Diabetic retinopathy is a classical micro vascular complication in primary diabetes mellitus. Its mechanism is still debated, but genetic predisposition, local action of numerous growth factors, and hypoxic phenomenon seem to play an important role in the development of diabetic retinopathy in general.

For secondary diabetes mellitus, due to some endocrinopathies such as hyperthyroidism, pheochromocytoma, Cushing's syndrome, and acromegaly, little is known about eye vascular damage.

For acromegaly, GH excess has been implicated in diabetic eye and kidney damage for a long time. The role of GH/IGF I excess on the eye damage was first reported by Poulsen in 1953. This author demonstrated that hypophysectomy leads to a decrease in severity of retinopathy.[7] Consequently, the GH/IGF I axis was extensively studied. Although reports were contradictory,[89] most authors think diabetic retinopathy is rare and discrete in acromegaly, and it is due to an increase in local growth factors such as insulin growth hormone (IGF1) and vascular endothelial growth factor (VEGF) that act via autocrine and paracrine actions.[10] This theory is supported by the fact that DR is not correlated to GH and IGF1 plasma concentrations.

In acromegaly, DR frequency varies from 2.9%[11] to 30%.[12] Our frequency is higher than Ballentin's who analyzed diabetic and non-diabetic populations[13] and lower than Amameya's[12] who studied only 10 diabetic subjects with growth hormone excess.

As we observed it, DR in acromegaly is described as slight or moderate,[12] but severe ones, although uncommon, are also reported in anecdotic cases.[141516] According to some authors, severe forms are rather due to a very long standing of diabetes disease, advanced age, eye refractive errors, or to genetic disorders as in primary diabetes mellitus.[12]

For predictive factors, as Amemya,[12] we didn't find any correlation between DR, family history of diabetes mellitus, GH levels, and acromegaly duration. But, poor glycemic control seems to play a role, although statistical analysis pleads for a borderline significance. However, some authors who did not demonstrate poor glycemic control think retinopathy in acromegaly is rather related to genetic predisposition as DR is more frequent in patients with a family history of diabetes mellitus.

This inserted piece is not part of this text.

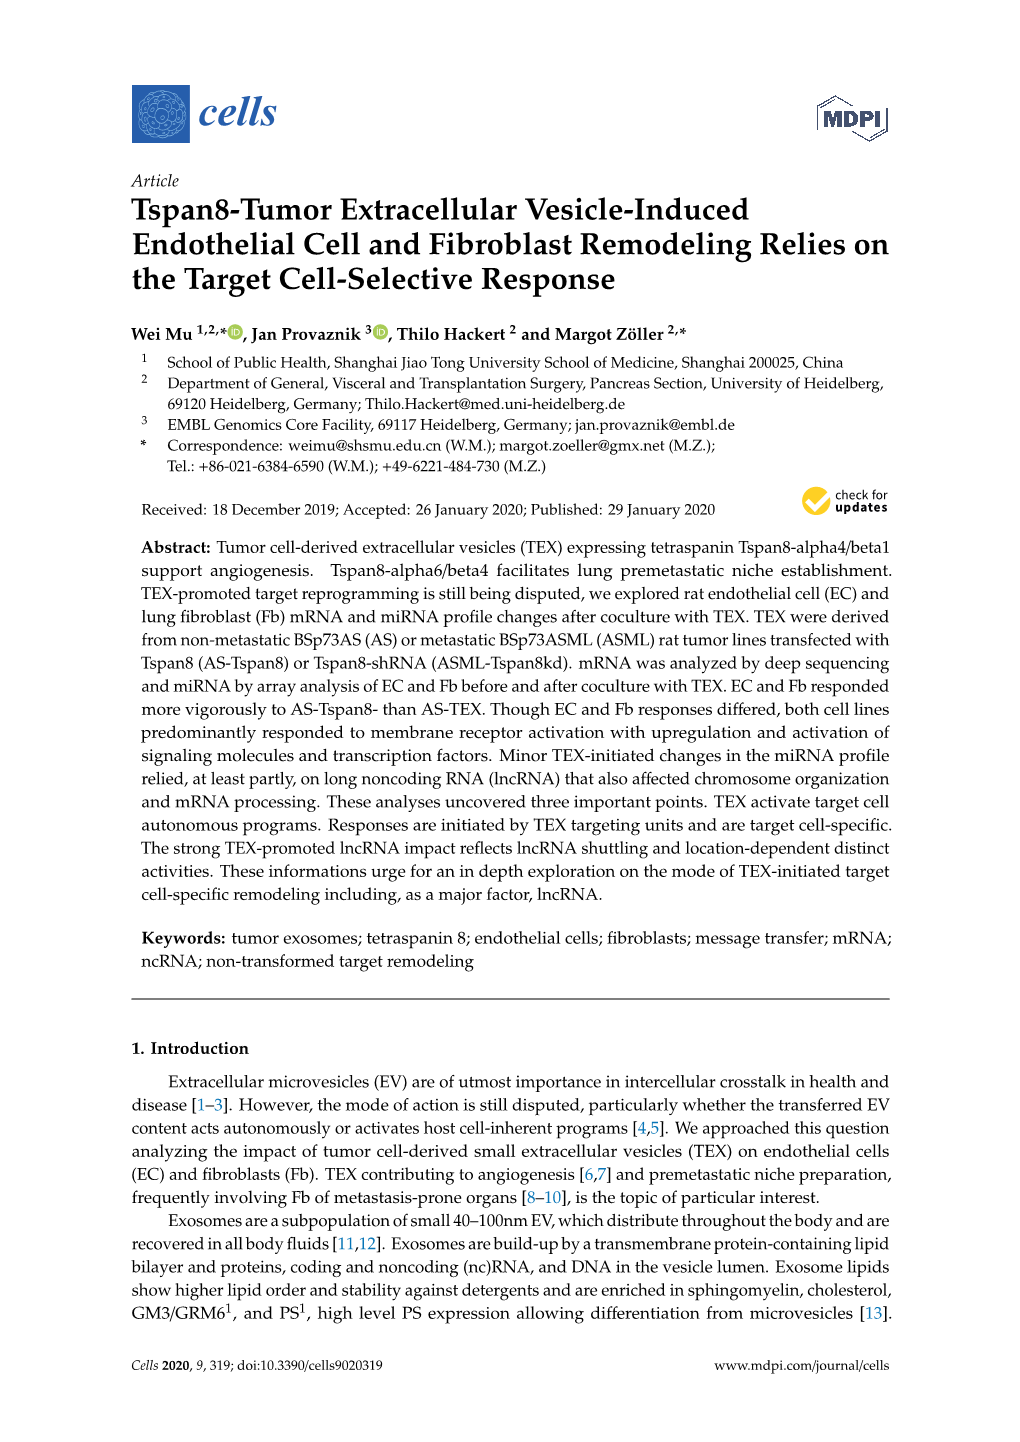 Tspan8-Tumor Extracellular Vesicle-Induced Endothelial Cell and Fibroblast Remodeling Relies on the Target Cell-Selective Response

One can also think that micro-angiopathy in acromegaly maybe a result of repetitive vascular thrombosis that looks like diabetic retinopathy at early stage. This theory is supported by the fact that in acromegaly, DM is mostly due to insulin resistance.

The inconsistency in studies linking diabetic retinopathy to GH/IGF I axis may be due to the fact that in uncontrolled primary or secondary diabetes mellitus, local production of IGF I and other growth factors in ocular tissues may be responsible of diabetic retinopathy.[1718] So, many authors insist on the pivotal role of local growth factors rather than systemic factors induced by sustained hyper glycemia to explain the lack of diabetic cataract and the rarity of diabetic retinopathy in patients with GH excess.

CONCLUSION

In this study that analyzes 40 diabetic patients with acromegaly, the prevalence of diabetic retinopathy is 12.5%. DR in acromegaly is mild or discrete, and is not associated to diabetic cataract. Our results agree with previous reports based on small series, but some severe or very severe retinopathies have been reported in anecdotic cases. Among predictive factors, only a poor glycemic control seems to play a role in its development, although statistical analysis pleads for a borderline significance.